■ **PROVIDED DATA**

━━━━━━━━━━━━━━━━

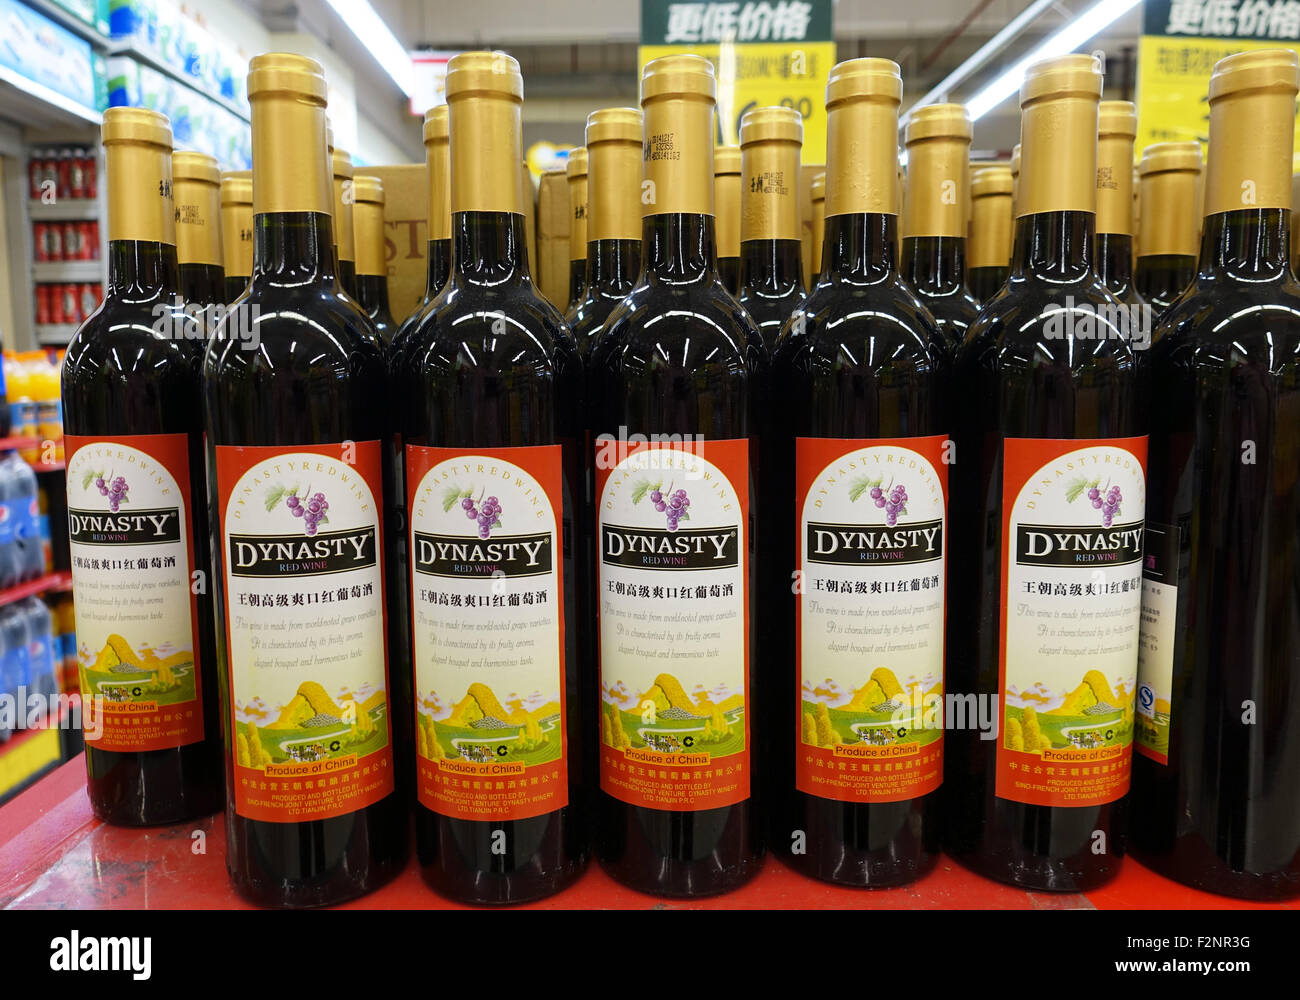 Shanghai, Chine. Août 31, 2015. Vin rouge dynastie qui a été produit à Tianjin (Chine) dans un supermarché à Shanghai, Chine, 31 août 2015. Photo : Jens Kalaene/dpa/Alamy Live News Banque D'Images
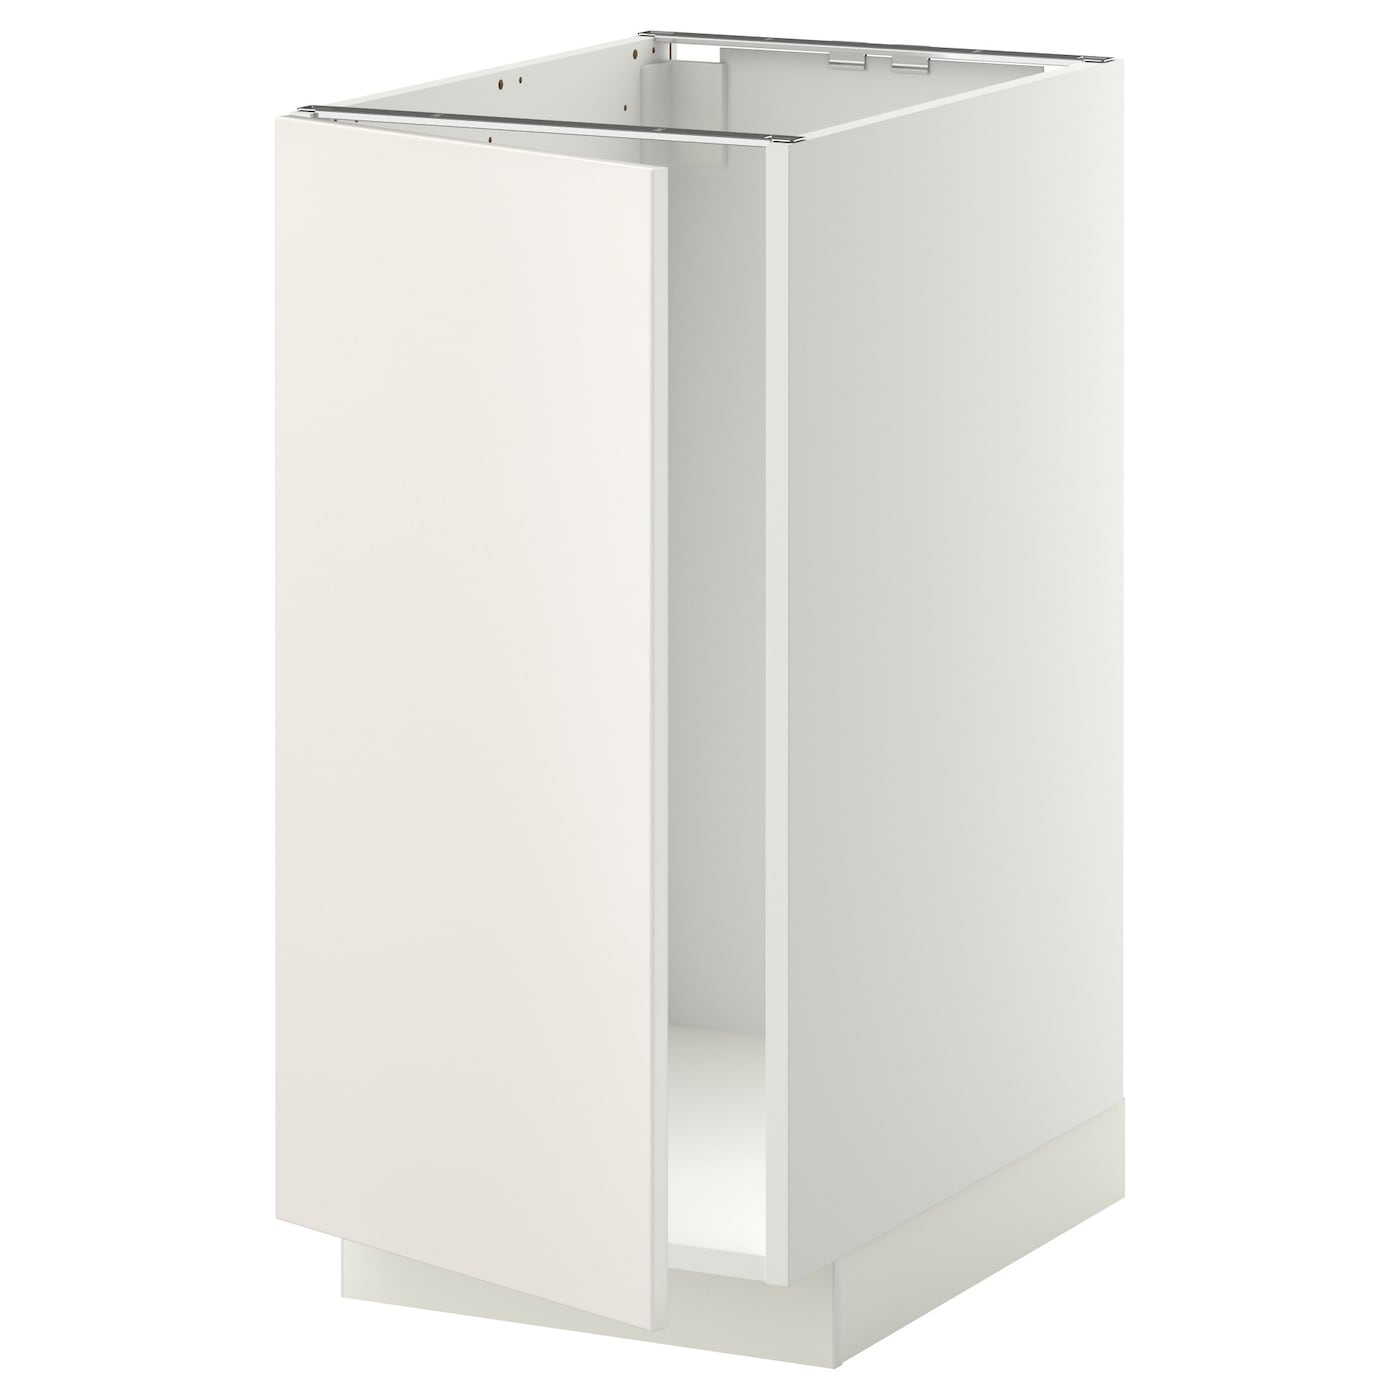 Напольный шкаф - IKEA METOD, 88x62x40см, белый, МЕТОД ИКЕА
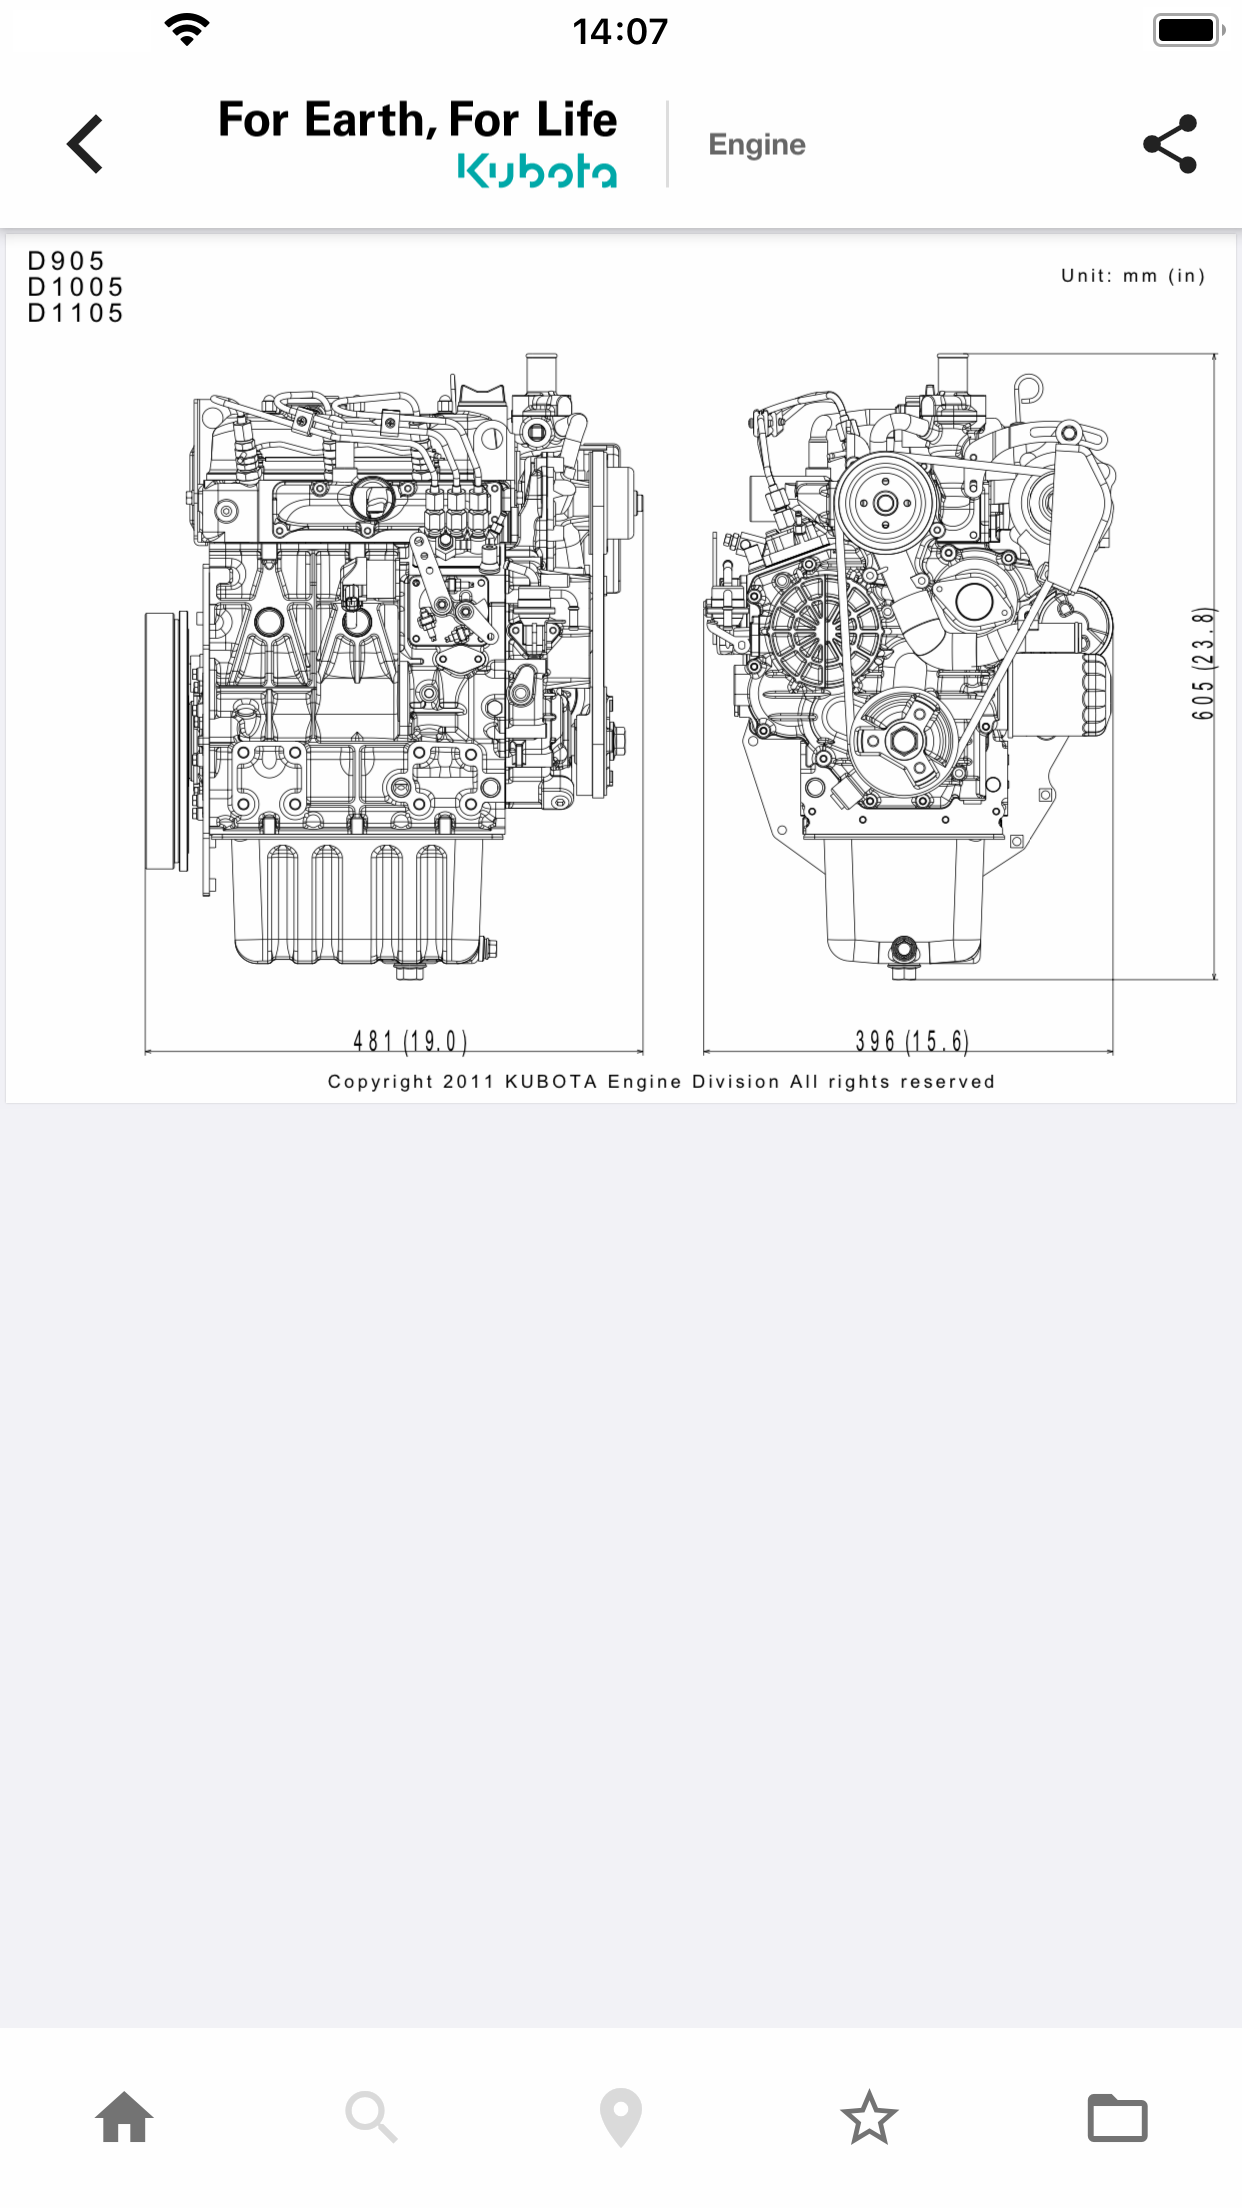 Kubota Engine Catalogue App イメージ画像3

━━━━━━━━━━━━━━━━

Exclude every picture, then reproduce the remaining data character for character.

 Shanghai, Chine. Août 31, 2015. Vin rouge dynastie qui a été produit à Tianjin (Chine) dans un supermarché à Shanghai, Chine, 31 août 2015. Photo : Jens Kalaene/dpa/Alamy Live News Banque D'Images
 Напольный шкаф - IKEA METOD, 88x62x40см, белый, МЕТОД ИКЕА
 Kubota Engine Catalogue App イメージ画像3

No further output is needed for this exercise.